New Dallas-based energy company opens Houston office

Todd Short

via Olivia Pulsinelli, Houston Business Journal

Energy Hunter Resources Inc., a new Dallas-based independent oil company focusing on the Eagle Ford and Permian Basin, recently opened a divisional office in Houston, the company announced Sept. 19.

Chairman and CEO Gary Evans, the former CEO of Magnum Hunter Resources, launched Energy Hunter Resources earlier this year, according to reports. Also on Sept. 19, the new company announced it hired three former Magnum Hunter employees for the Houston office, but the office’s location was not provided.

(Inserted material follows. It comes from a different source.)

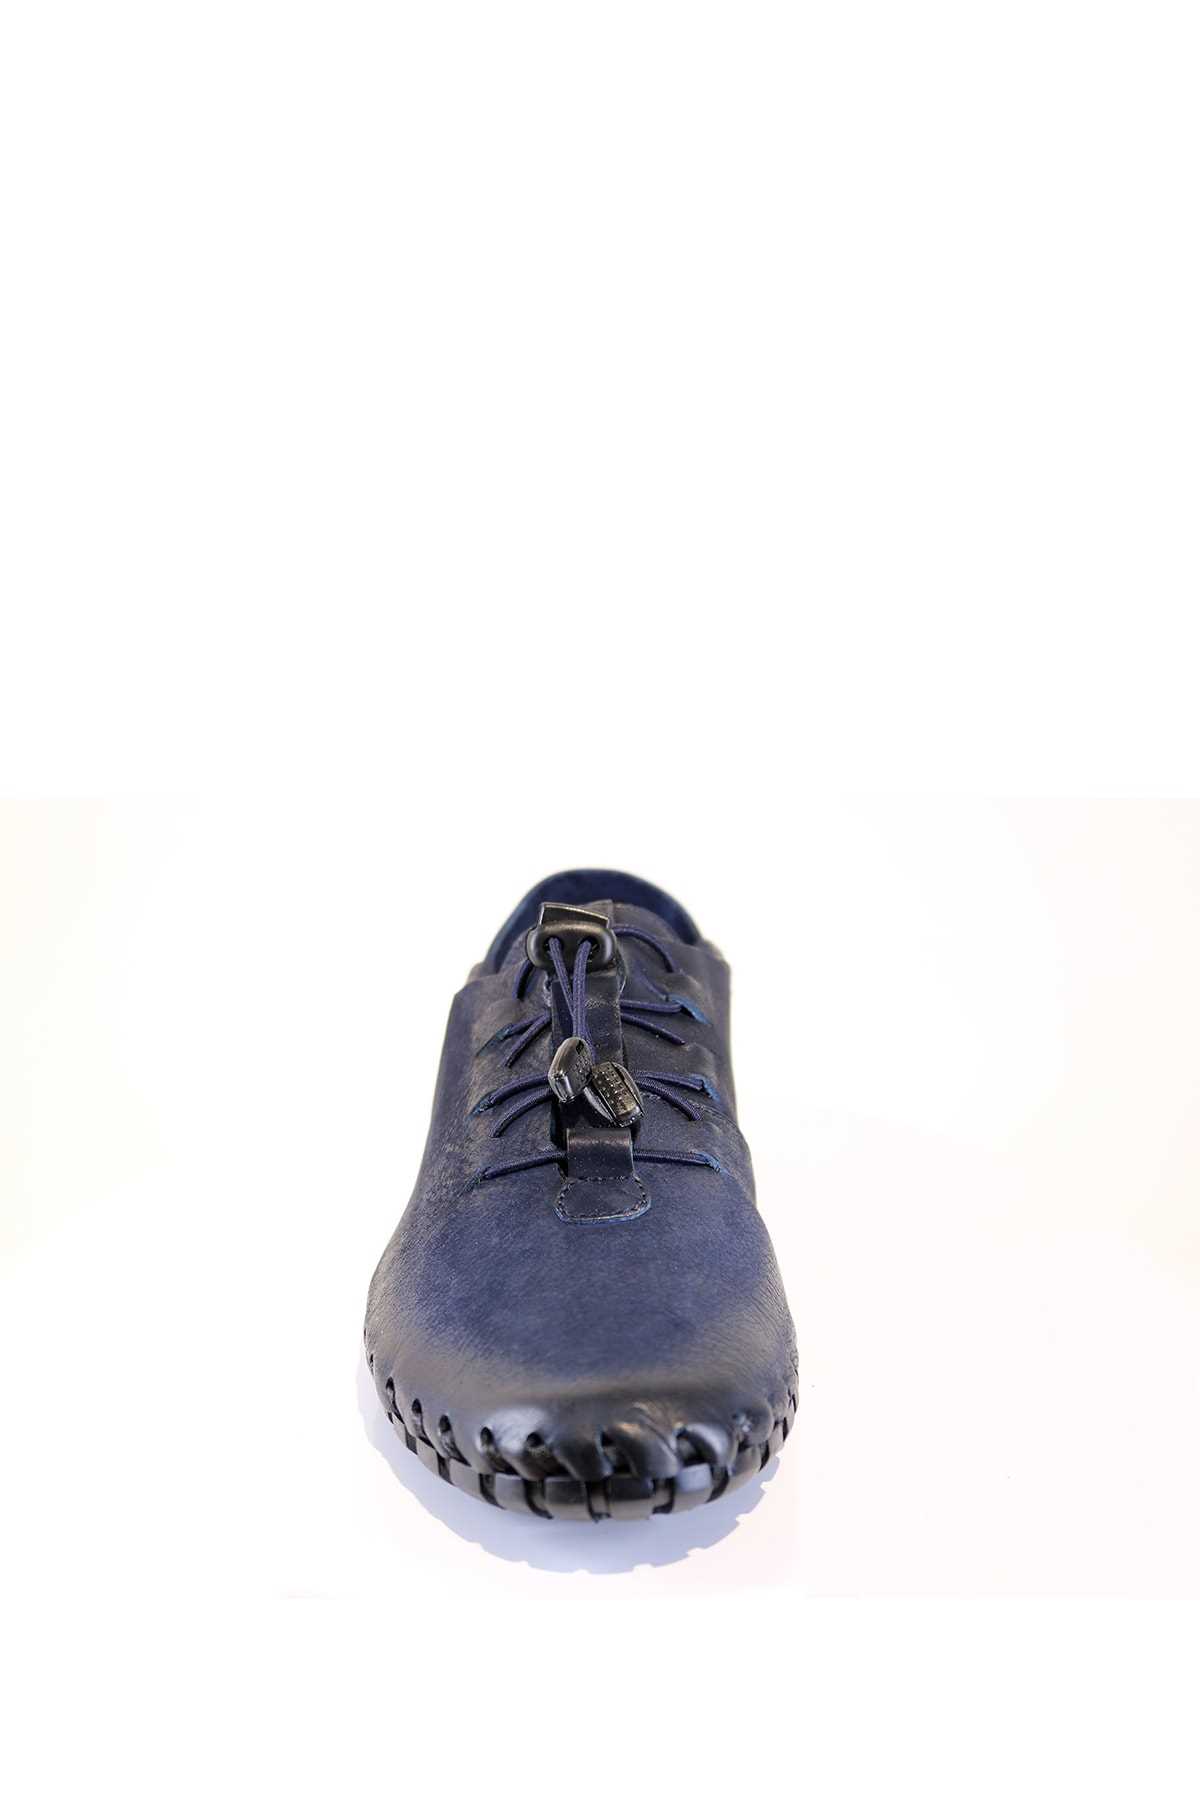 کفش کلاسیک مردانه مدل دار شیک Onemarka رنگ لاجوردی کد ty59280797

H.C. “Kip” Ferguson has been named executive vice president of exploration and development. He has 28 years of experience in oil and gas and most recently served as executive vice president of Magnum Hunter from October 2009 to this year. He was president of the company’s Eagle Ford Shale division from 2011 until the division was sold for $401 million in April 2013.

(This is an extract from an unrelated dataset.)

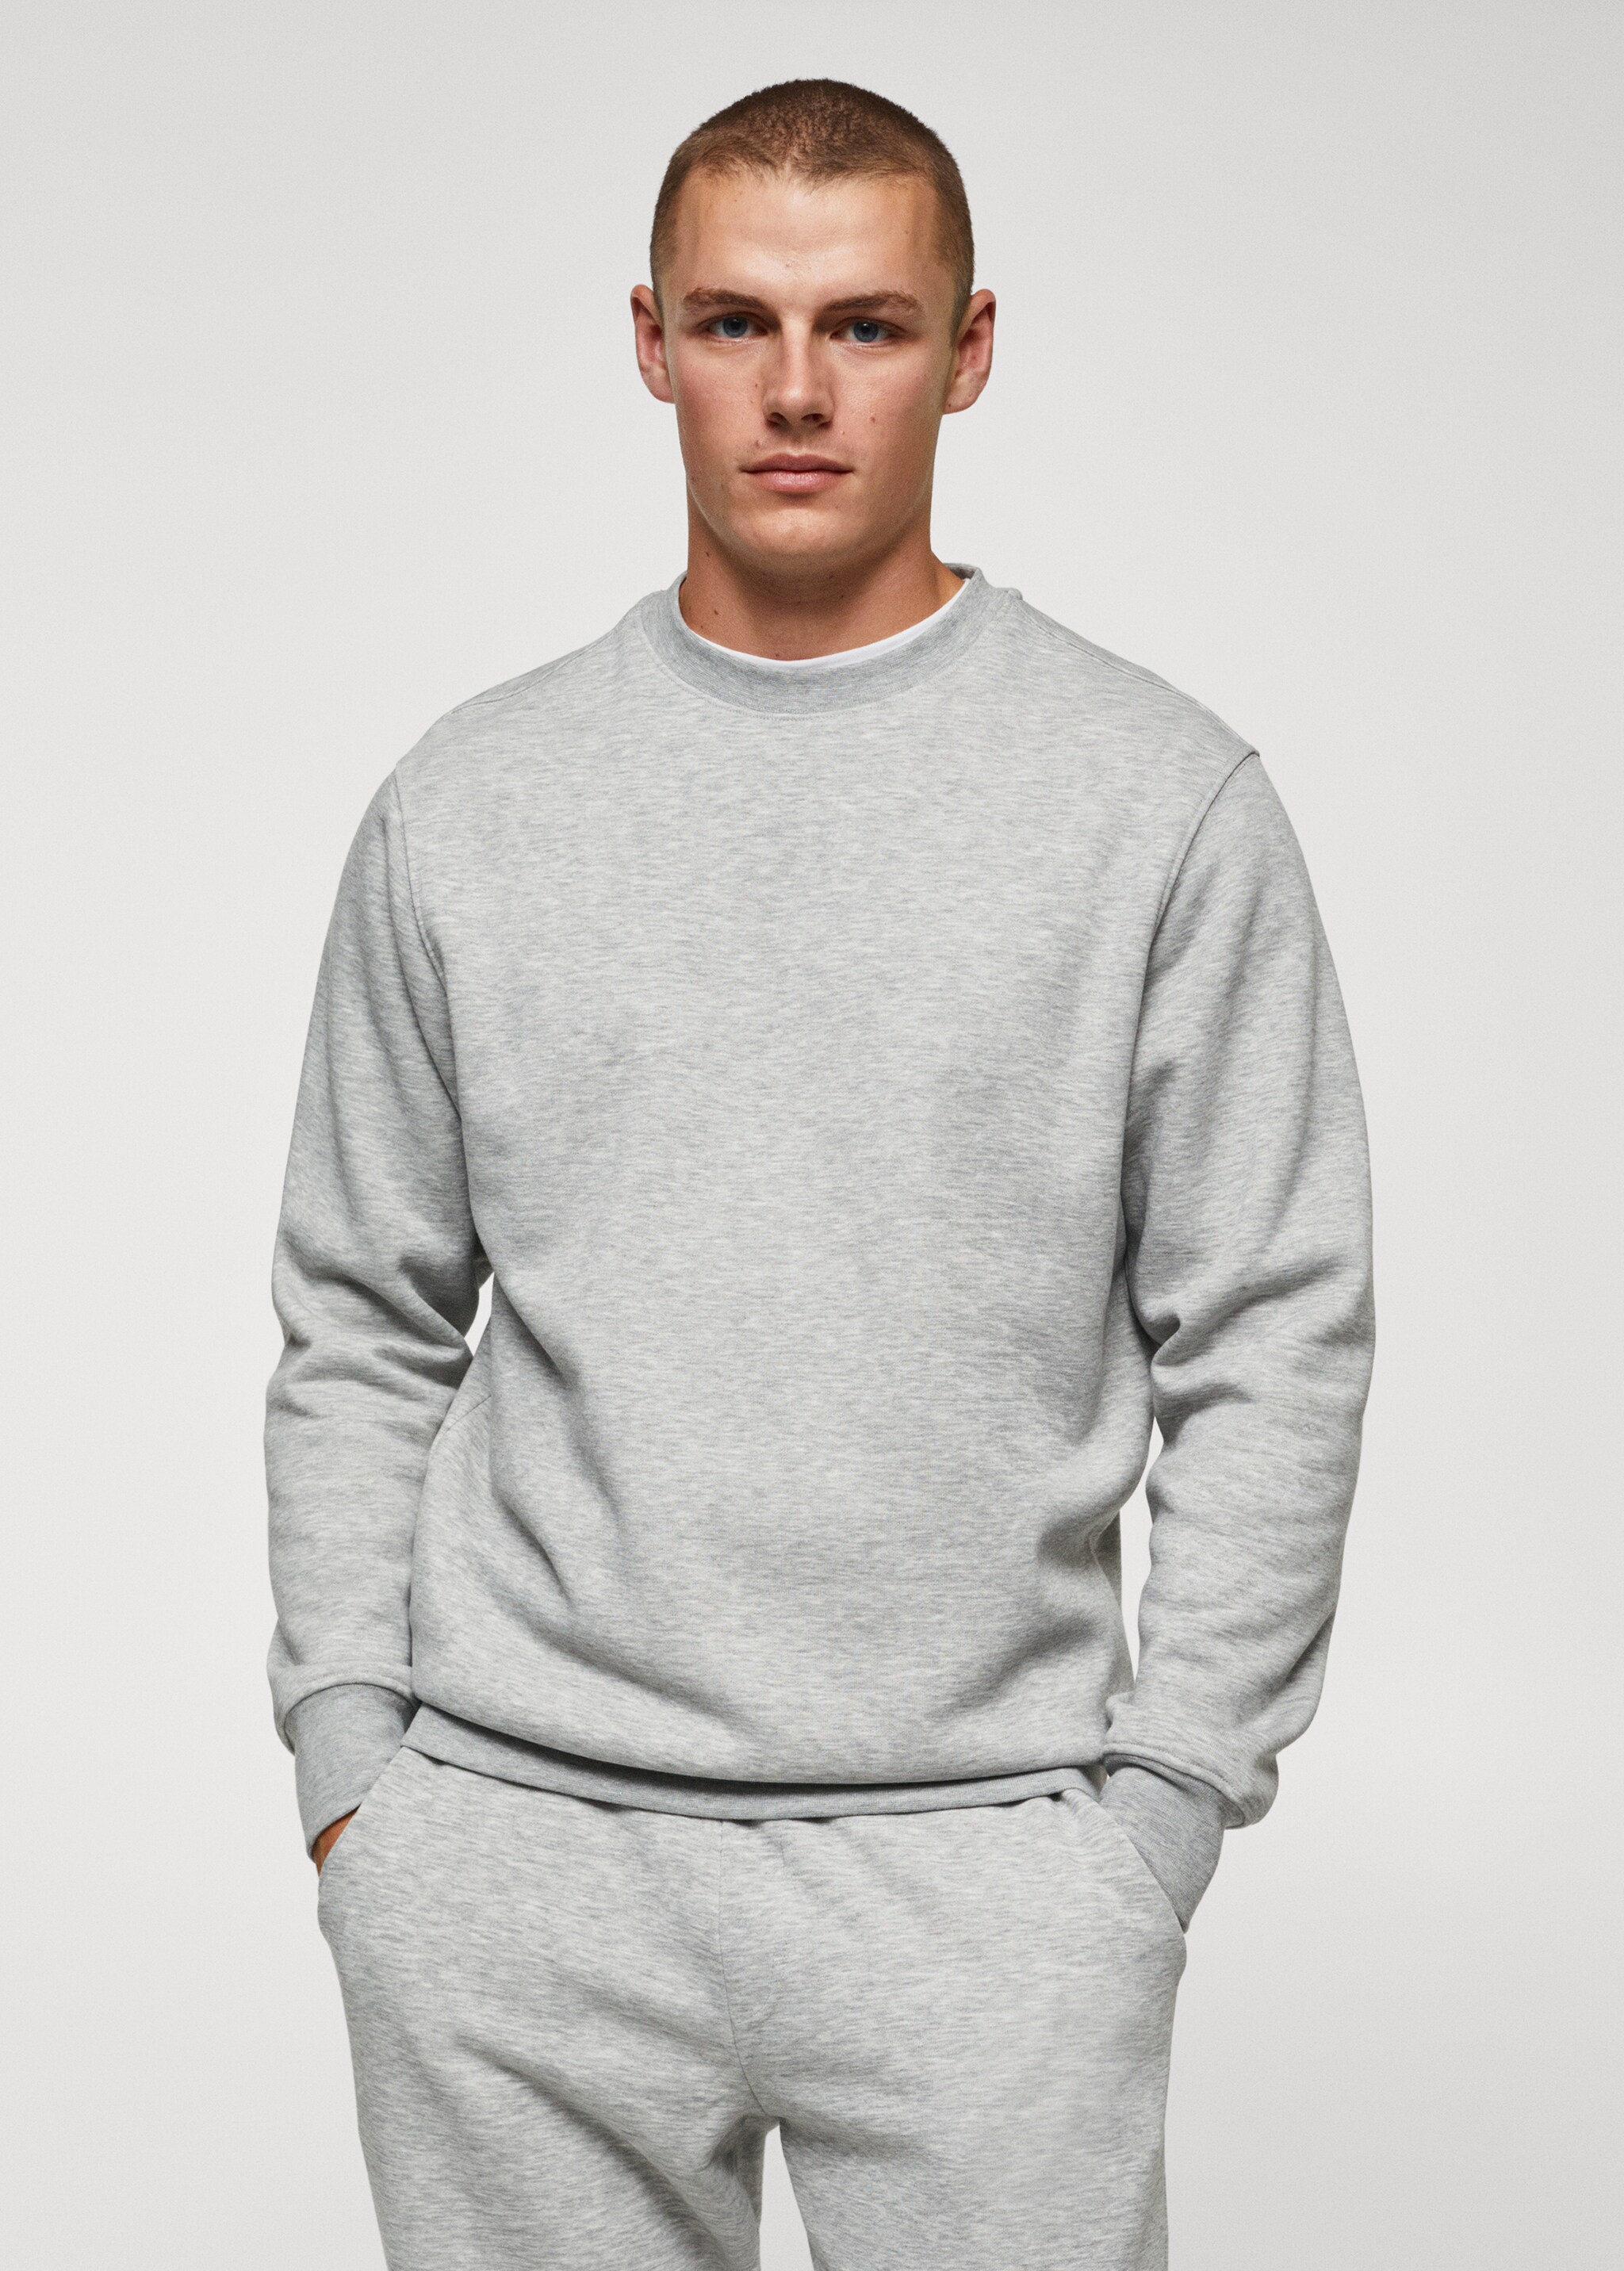 Lightweight cotton sweatshirt - Plan mediu

Brian Burgher was named senior vice president of land. His more than 30 years of oil and gas experience has focused on leases, land and legal areas. He served as president of land for Magnum Hunter and was the land manager for the Eagle Ford asset, which was assembled, developed and sold under his leadership.

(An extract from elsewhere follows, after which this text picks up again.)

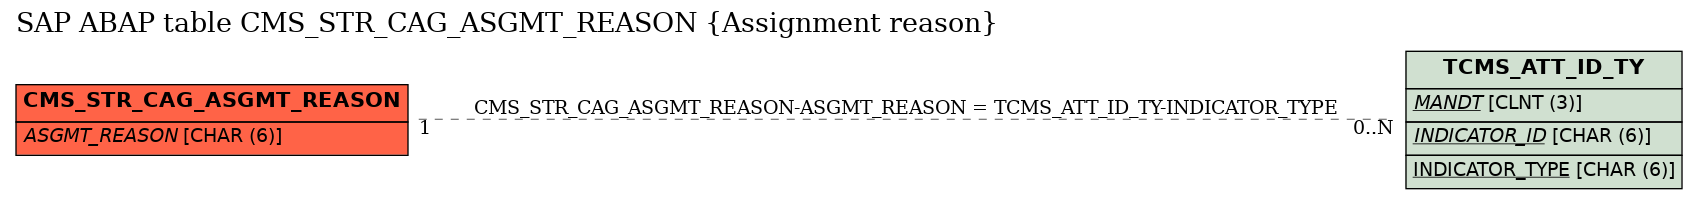 E-R Diagram for table CMS_STR_CAG_ASGMT_REASON (Assignment reason)

Jason Wilson has been named manager of geology and has more than 20 years of experience in geology and operations across all sectors of Energy Hunter’s target region, the company said. He was part of Magnum Hunter’s Eagle Ford operations team from 2009 to 2013. More recently, he worked for Australia-based New Standard Energy and as an independent consultant for EnCap Investments LP.

“It’s an exciting time at Energy Hunter Resources,” Evans said in the company’s Sept. 19 statement, noting the news comes “strong off the heels of our successful initial capital raise, our first acquisition and the recently announced board of director appointments.”

In mid-July, Energy Hunter completed a private placement of 3.15 million shares of its common stock, generating aggregate gross proceeds equal to about $3.15 million of new common equity capital. The private placement offering initially consisted of 2.5 million shares, but increased demand caused it to become oversubscribed by 25 percent. At the time, the company also stated it plans to launch an initial public offering, but no further details were provided.